Surat Cinta Bunda

Anak-anakku,
kadang aku merasa sangat lelah saat kau sakit dan harus begadang menemani tidurmu yang gelisah, padahal akan tiba saatnya nanti aku justru ingin menemanimu tidur tapi kau telah pergi dari rumah.

kadang aku merasa repot saat ingin pergi dan kau merengek minta ikut serta, padahal akan ada masanya nanti kau tidak mau lagi kuajak pergi meskipun sudah kubujuk sedemikian rupa.

kadang aku merasa waktu tak cukup untuk mendengarkan semua ceritamu, padahal akan tiba saatnya nanti aku justru ingin kau bercerita panjang lebar di sampingku yang kesepian.

kadang aku merasa tidak telaten untuk menyuapimu, padahal akan tiba saatnya nanti aku menjadi si tua yang membutuhkan pelayanan dan kesabaran luar biasa darimu.

kadang aku kesal karena harus mengingatkan hal yang sama berulang-ulang padamu, yang tidak langsung disambut dengan 'ya' tetapi justru ’entar dulu’, 'tunggu’ diikuti sederet alasan panjang lainnya, padahal akan tiba saatnya nanti aku yang tua renta ini berharap kalian berkumpul menemaniku, atau setiap hari menunggu-nunggu dering telepon hanya sekedar untuk mendengar suaramu, tapi jarak yang jauh dan kesibukanmu tak selalu memungkinkan untuk itu.

kadang badanku pegal saat kau minta terus dipangku atau tak mau turun dari gendonganku, padahal akan tiba saatnya nanti kalian merasa jengah diperlakukan seperti itu, tak bisa kupangku, kupeluk, kucium lagi dan kau makin sulit kurengkuh saat kegiatan di luar rumah makin menyita waktumu.

Maafkan aku nak,
jika hak-hakmu sebagai anak belum semua dapat kupenuhi.

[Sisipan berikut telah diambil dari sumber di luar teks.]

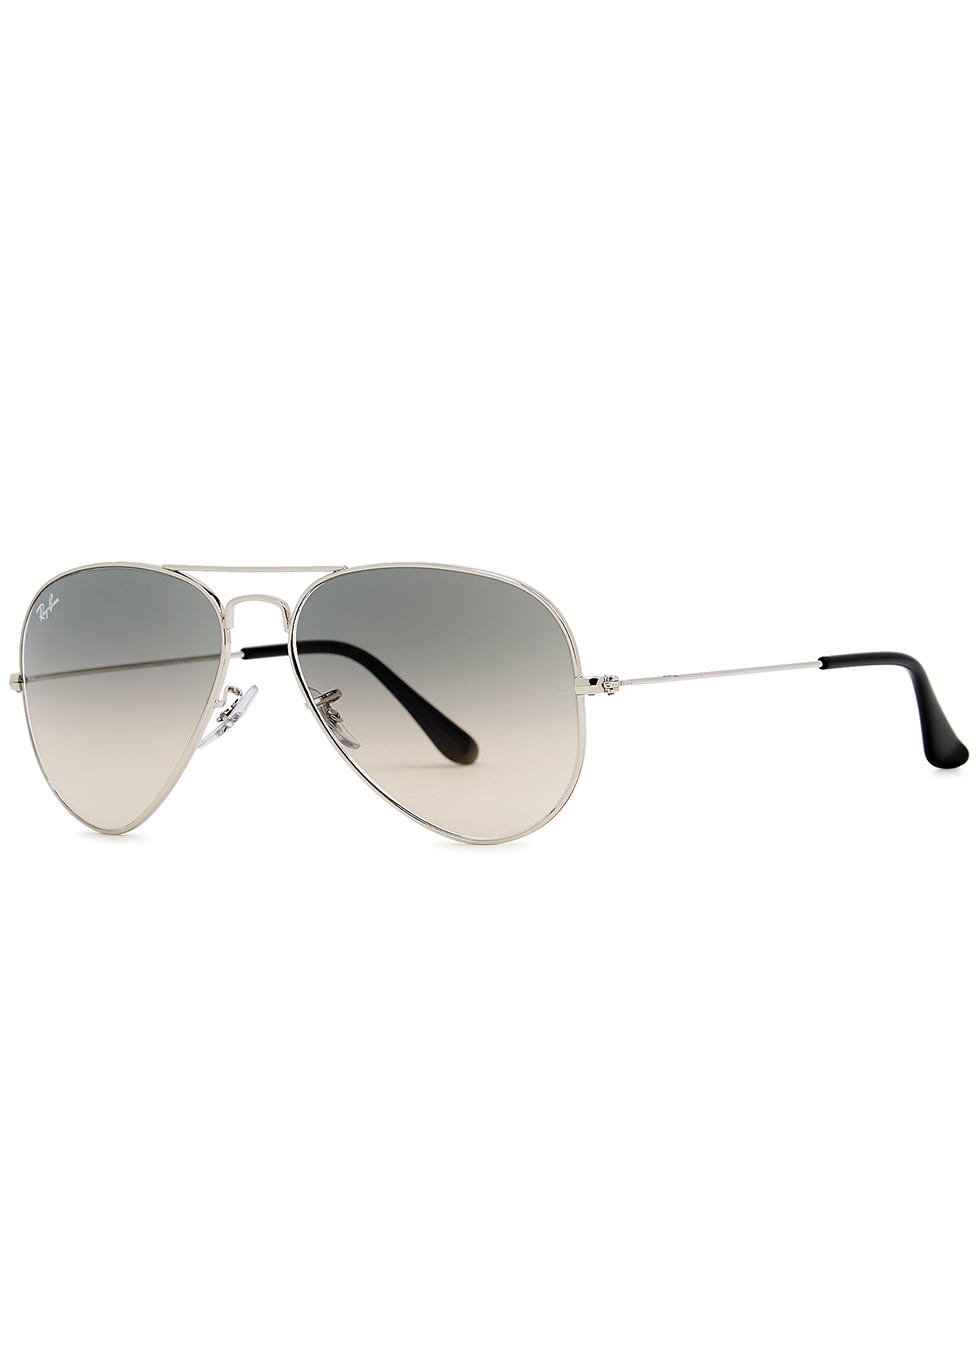 aviator sunglasses by ray ban

Aku hanyalah manusia biasa dengan segala keterbatasan ada.

Anak-anakku...
semakin hari semakin ku menyadari, sungguh bukan kalian yang membutuhkanku tapi aku lah yang sangat membutuhkan kalian

NOTE:

Bunda, mendidik & merawat anak, laksana memanggul sekarung emas di punggung, yang meski sangat berat, tak boleh diletakkan semenit pun karena sangat berharga, dan karung itu baru dapat dibuka, saat ajalmu tiba.